This project is not maintained. It has been published as part of the following conference paper at IJCNN 2022:
Anomaly detection is a challenging task for machine learning methods due to the inherent class imbalance. It is costly and time-demanding to manually analyse the observed data, thus usually only few known anomalies if any are available. Inspired by generative models and the analysis of the hidden activations of neural networks, we introduce a novel unsupervised anomaly detection method called DA3D. Here, we use adversarial autoencoders to generate anomalous counterexamples based on the normal data only. These artificial anomalies used during training allow the detection of real, yet unseen anomalies. With our novel generative approach, we transform the unsupervised task of anomaly detection to a supervised one, which is more tractable by machine learning and especially deep learning methods. DA3D surpasses the performance of state-of-the-art anomaly detection methods in a purely data-driven way, where no domain knowledge is required.

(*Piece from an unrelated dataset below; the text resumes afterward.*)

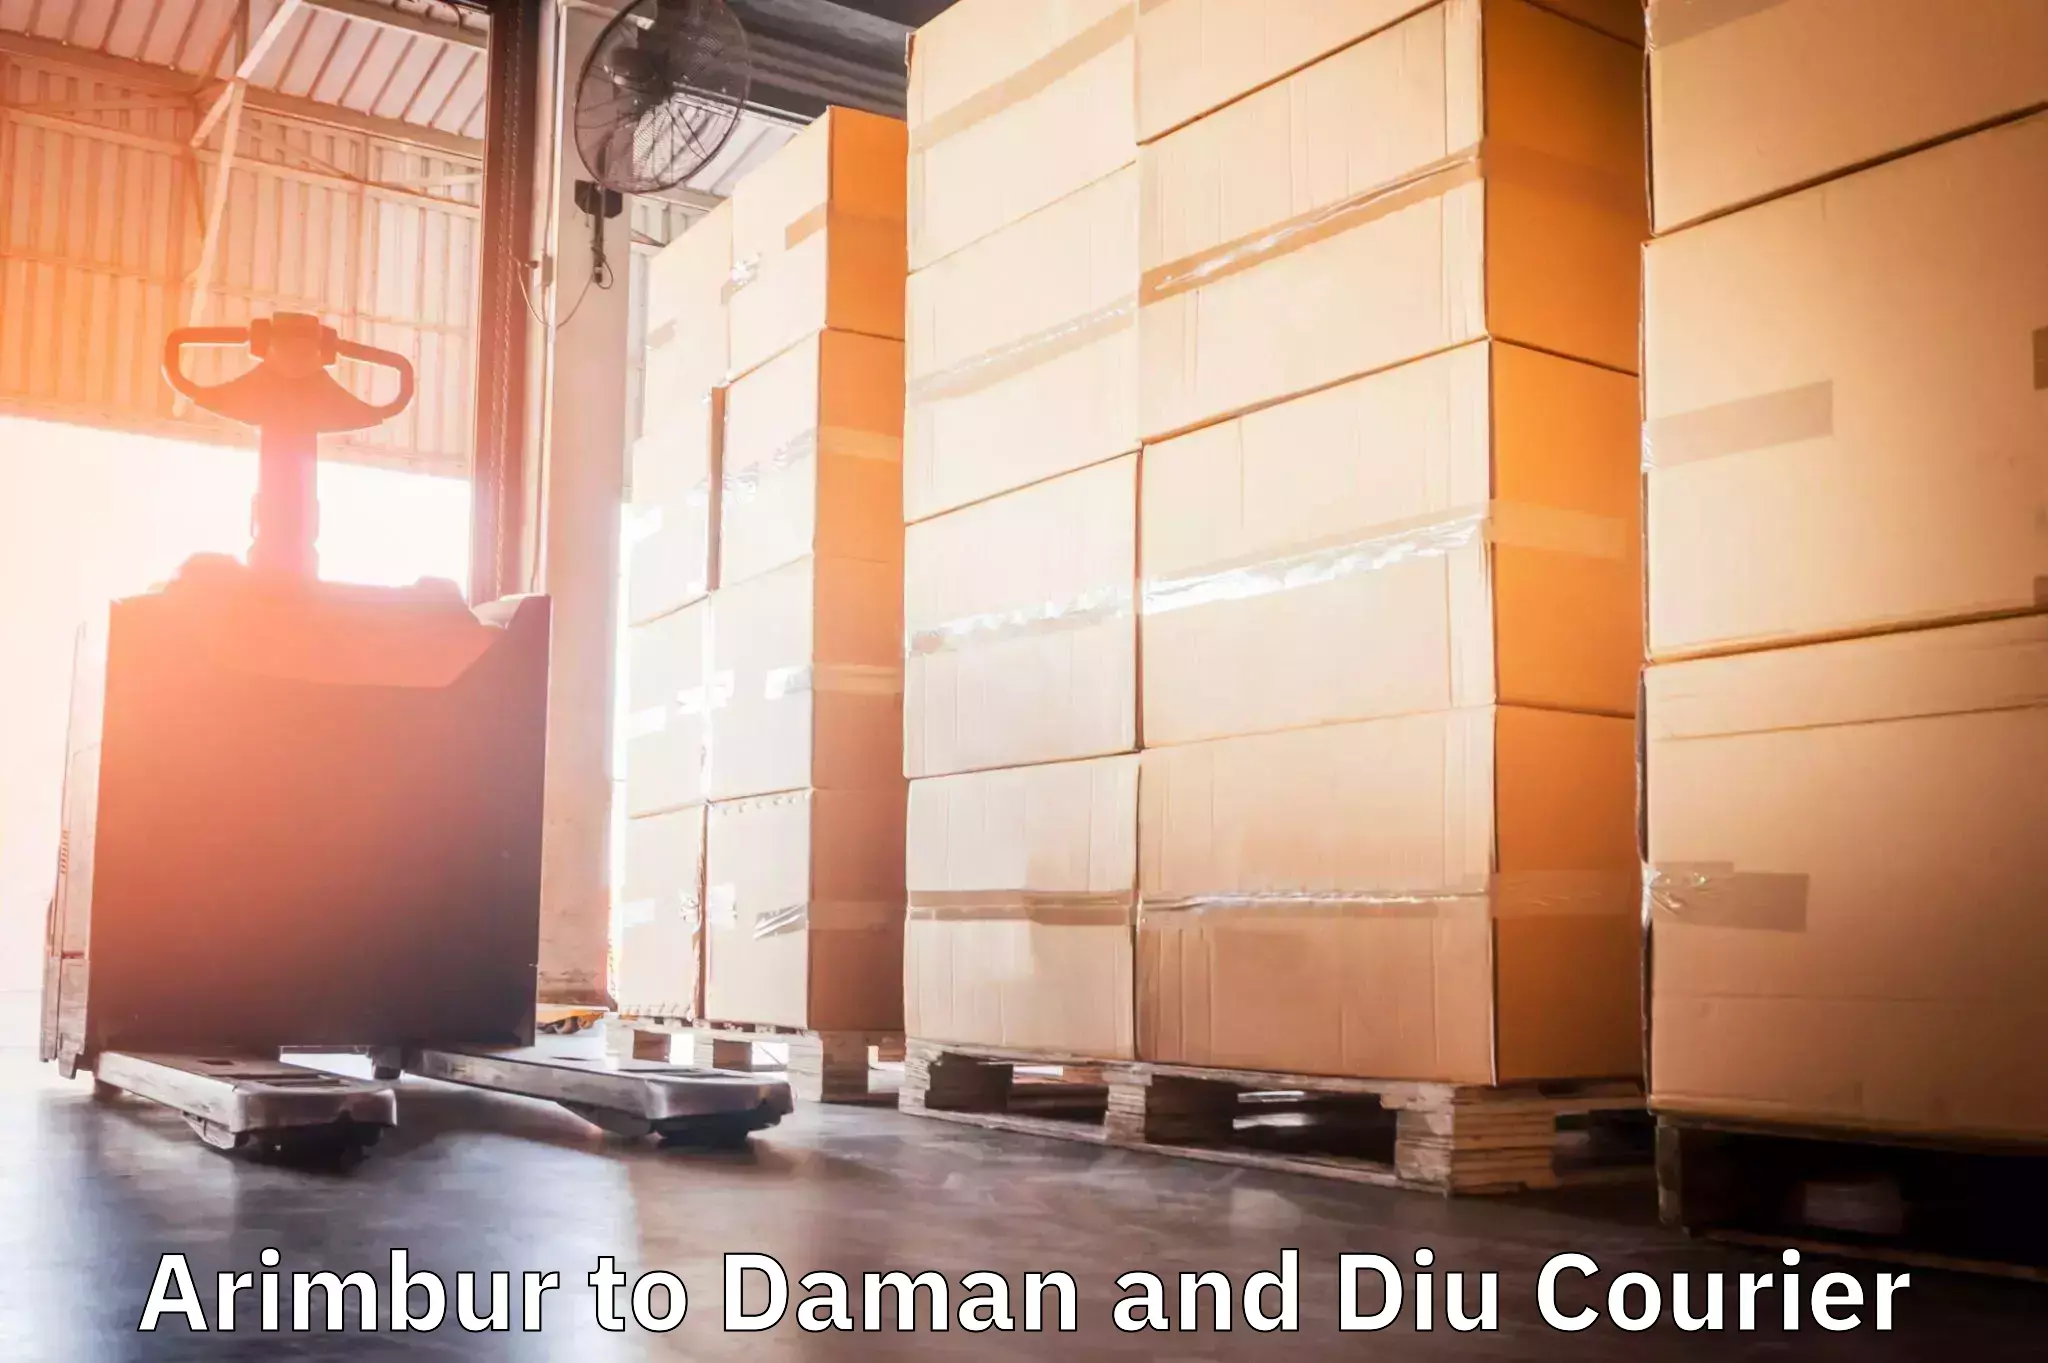 Professional parcel services Arimbur to Daman and Diu

Double-Adversarial Activation Anomaly Detection was published at IJCNN 2022 [13]. If you find our work useful, please cite the paper:
J. -P. Schulze, P. Sperl and K. Böttinger, "Double-Adversarial Activation Anomaly Detection: Adversarial Autoencoders are Anomaly Generators," 2022 International Joint Conference on Neural Networks (IJCNN), 2022, pp. 1-8, doi: 10.1109/IJCNN55064.2022.9892896.
We used docker
during the development.
You can recreate our environment by:
docker build -t da3d ./docker/
.
Afterwards, start an interactive session while mapping the source folder in the container:
docker run --gpus 1 -it --rm -v ~/path/to/da3d/:/app/ -v ~/.keras:/root/.keras da3d
The raw data sets are stored in ./data/
.
You need to add Creditcard [1], Census [2], Cover Type [3], DoH [4], EMNIST [5], NSL-KDD [6], Mammography [7] and URL [8] from the respective website.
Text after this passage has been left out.